The question touches on two very different ideas about the purpose of the criminal law. Is it to keep antisocial conduct in check, thus making it possible for human beings to live together and go about their business in reasonable comity, if not amity? Or is it to make people better—to make society better?
For libertarians across the political spectrum, the idea that courts can weigh the thought, belief, or emotional affect behind an act is chilling. Hate itself counts for nothing in American law. Violence counts for a lot. Hate paired with violence, under hate crimes laws, counts for even more: zero plus one is more than one. Like the neutrino, hate has no mass, but it changes things. In a free society it should be axiomatic that only action, never thought, can be subject to punishment.

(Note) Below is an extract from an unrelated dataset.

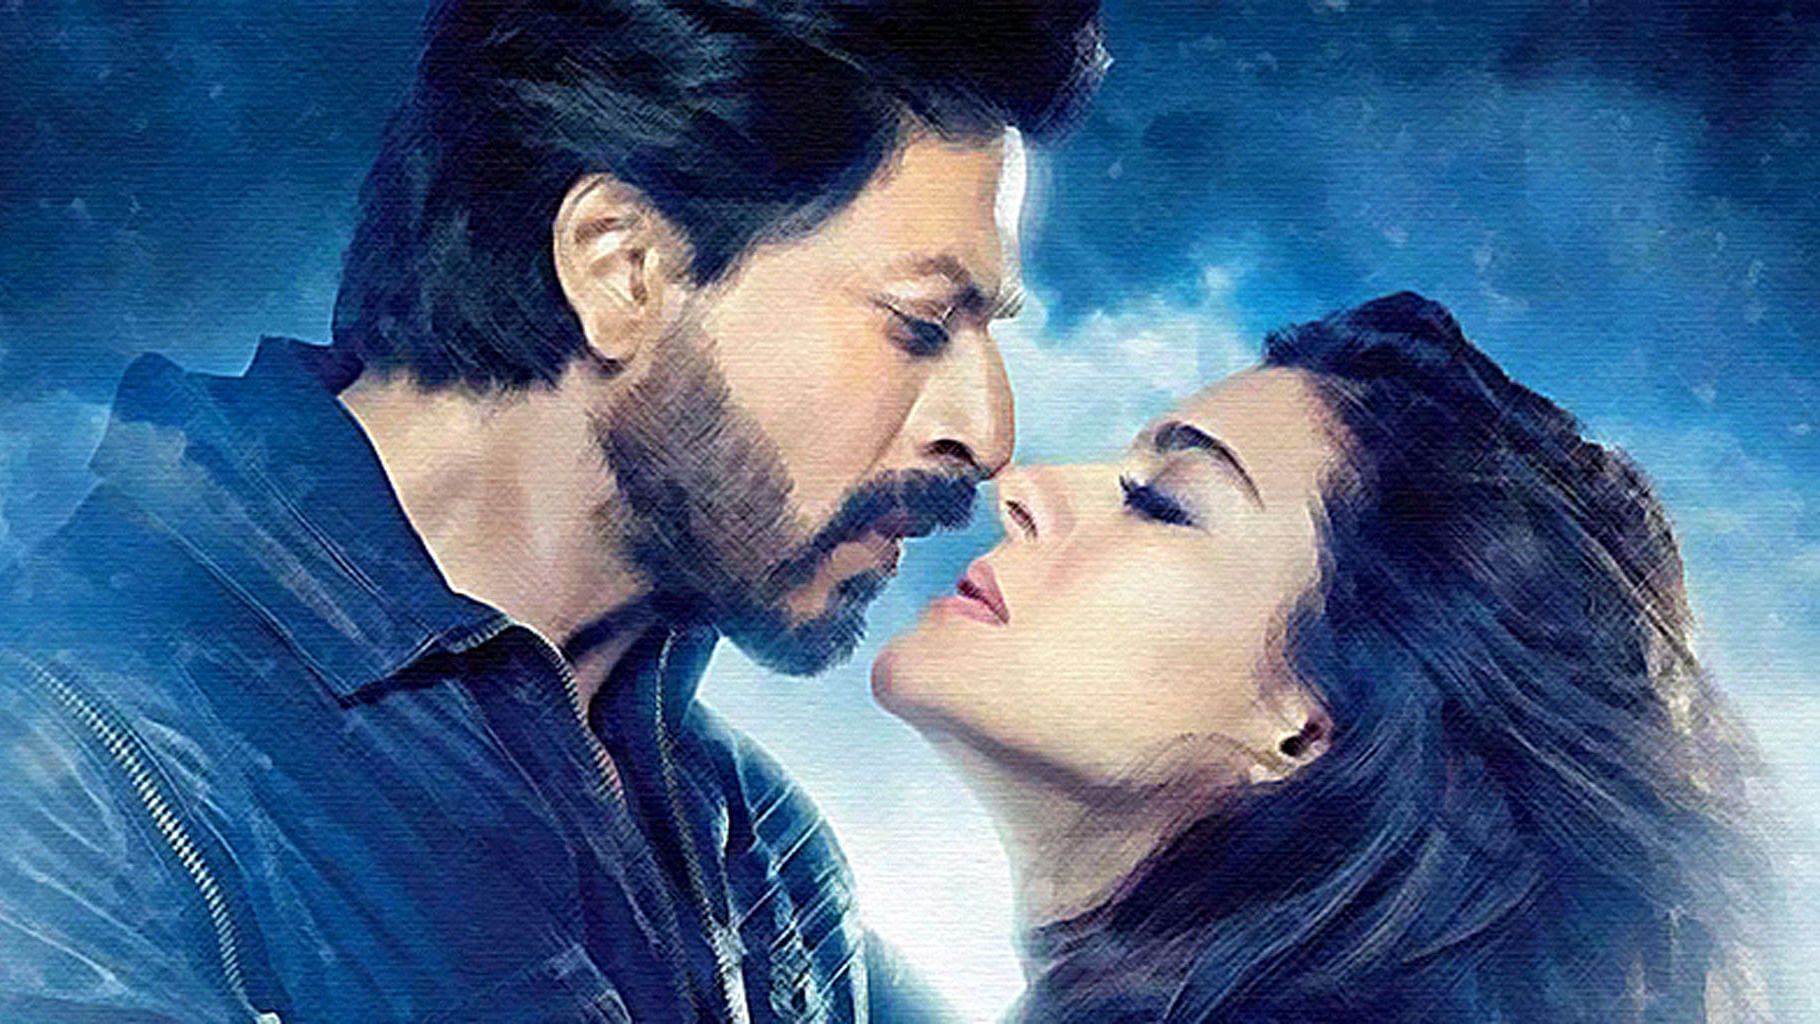 The SRK-Kajol jodi is running out of ‘nostalgic’ love (Photo: Promotional still from <i>Dilwale</i>; altered by The Quint)

On October 28, 2009, President Barack Obama signed the Matthew Shepard and James Byrd Jr. Hate Crimes Prevention Act. This law adds sexual orientation and gender identity as protected categories in federally defined hate crimes, allows the Department of Justice to aid in investigations and prosecutions of hate crimes if local authorities request assistance or if they are unable or unwilling to properly investigate and prosecute; and removes certain circumstances as necessary for establishing a hate crime in federal law. The bill passed 68 to 29 in the Senate, 281 to 146 in the House. It was endorsed by a long list of human rights, civil rights, and law-enforcement agencies, and officially opposed only by the conservative religious group Focus on the Family.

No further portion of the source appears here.